Under this line sits a listing. Repeat exactly and only its lines from the one holding "ilustrações de flores de cores variadas" through the one holding "Yin Yang Wolves"; skip pictures.

§ **Source information**
#####

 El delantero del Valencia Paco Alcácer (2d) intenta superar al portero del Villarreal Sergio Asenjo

#####

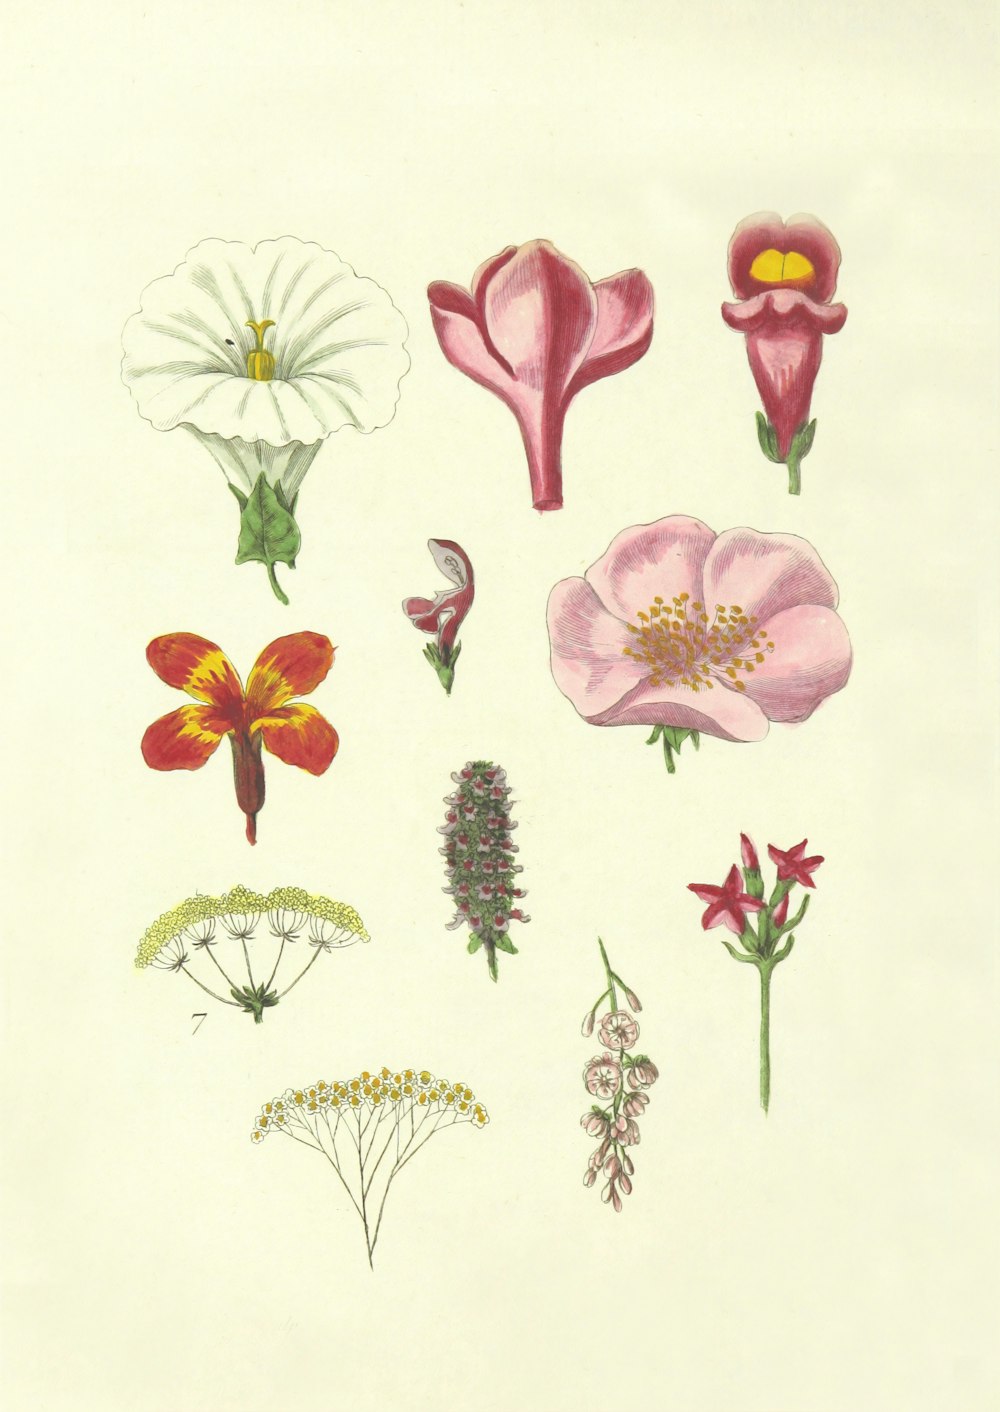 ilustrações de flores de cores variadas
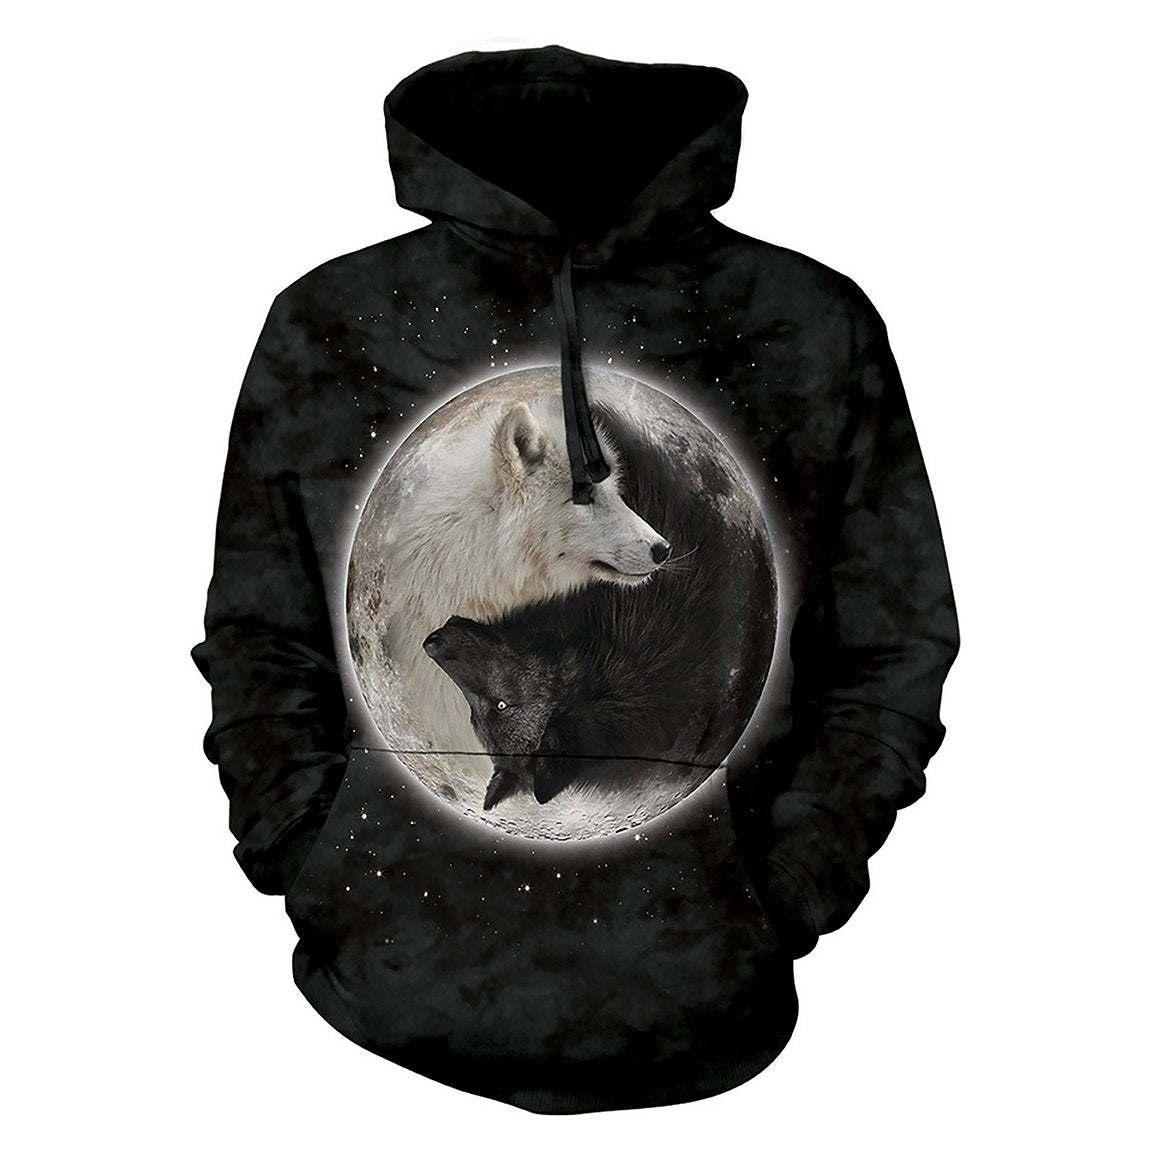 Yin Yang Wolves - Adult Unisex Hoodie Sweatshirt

#####

§ **Expected output**
 ilustrações de flores de cores variadas
 Yin Yang Wolves - Adult Unisex Hoodie Sweatshirt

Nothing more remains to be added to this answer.